The Days That You Were Born

It’s a few months since I started doing this. Told you I’d be sketchy, at best. I read the last bit and took my own advice—I’ve been sucking it dry. Yes, there’s been the treatment, but I’m not going to, not ever, write about that. Bad enough having to do it, without reliving it in print. In between the treatments (enough said) there’s been holidays to take, friends to drink wine with, daughters to lie in the garden with, swinging on the seat, Mark to love…but I’m back now…I have more stuff to tell you….

I know we used to talk about this all the time when you were small, but we stopped when you grew up, and I don’t know if you all remember the stories, so I’m writing them down. They’re part of your blueprint, and I want you to have them. Do you remember the Mother Goose nursery rhyme, about birth days? I always felt like she (Was she a she? Who wrote Mother Goose? Who the hell knows. And I’ve got better things to Google) got it so right for you lot. Lisa was my Sunday baby—bonny and blithe, good and gay. Of course, she’s not gay, and I don’t really know what being blithe entails, but she’s definitely good and bonny. (Note: Bonny does NOT mean chubby, Lisa, although the baby pictures tell their own story…my fault.
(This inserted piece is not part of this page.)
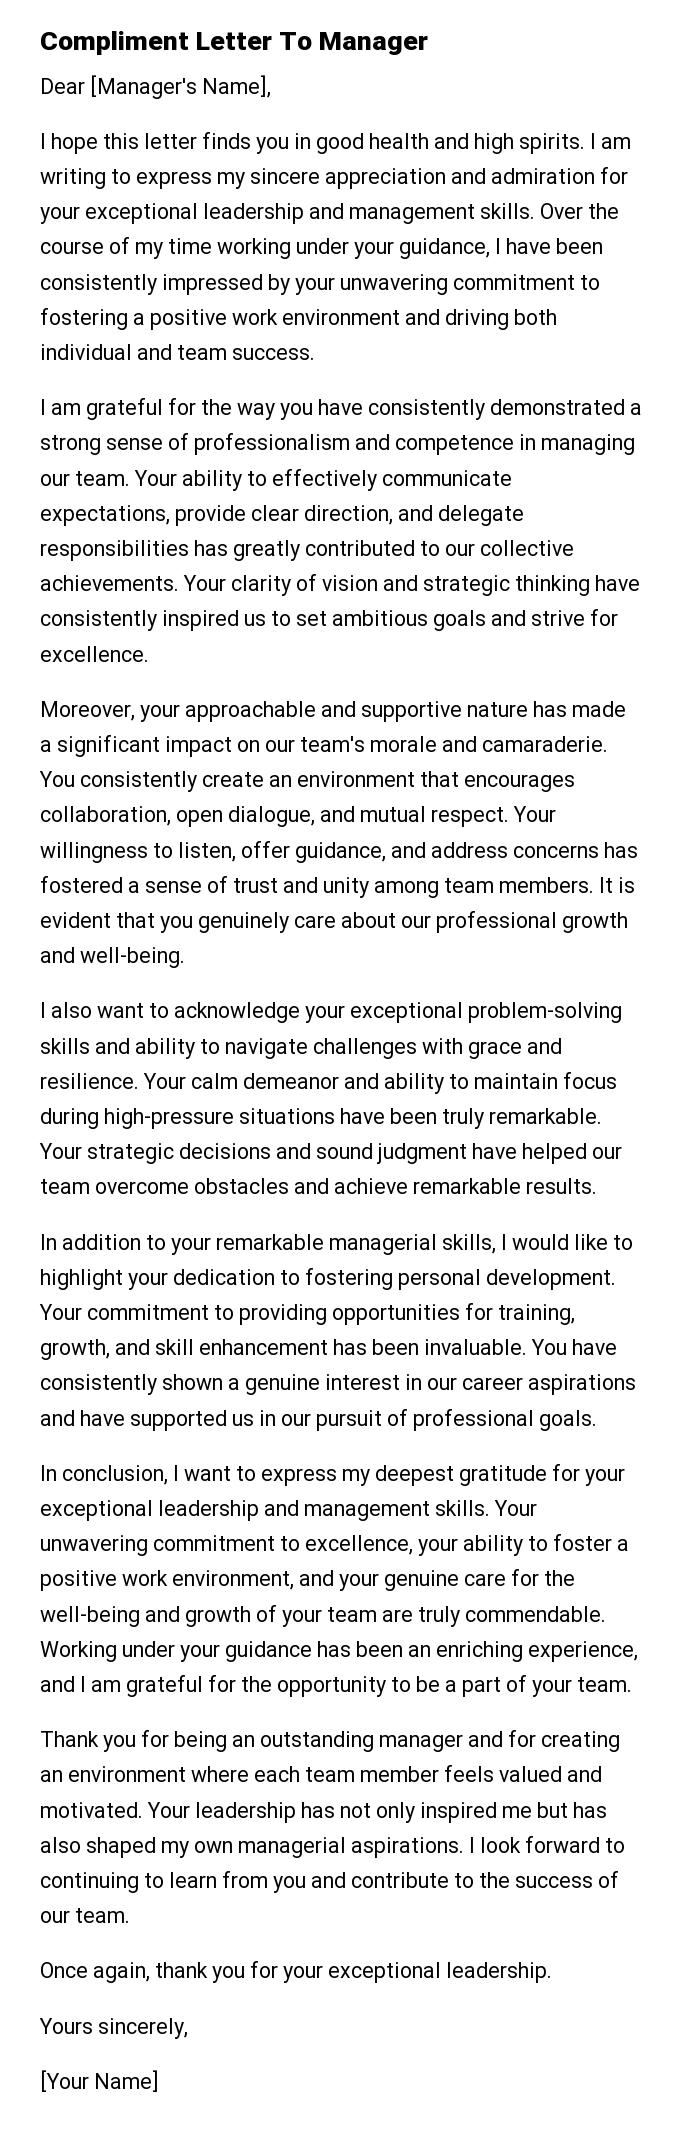 Compliment Letter To Manager

I thought if I kept feeding you, you’d be bound to sleep through the night. You were like a foie gras goose until you were about ten months old. Sorry about that.) Jennifer—who came on Saturday, during the football (an early indicator of both your loathing of team sports, and your uncanny ability to wind your dad up)—works hard for a living. She works hard for everything (and, by the way, always dresses immaculately. Did I ever tell you how much I admired that about you? You look like a magazine article—always). Lo and behold, Amanda came on a Thursday, with far to go (Have you got there yet, my lovely?). It got to the point where I was terrified Hannah would come on a Wednesday—her due date, incidentally, making her full of woe, but thank God she came two weeks early, helped along by a slightly elevated blood pressure, a sympathetic doctor, and an intravenous wee dram of syntometrine, on a Monday. And was, of course, fair of face (apart from those little milk spots, which it nearly killed me not to squeeze), as you all were. I was the Wednesday baby in the family. So that figures! Although the woe didn’t really kick in until much later. My mother reports that I was an agreeable, happy baby, in no hurry to walk or talk, which, coupled with the inane grin I apparently always wore, made people think I was simple. Thanks, Mum. No photographic evidence exists of this phase, fortunately.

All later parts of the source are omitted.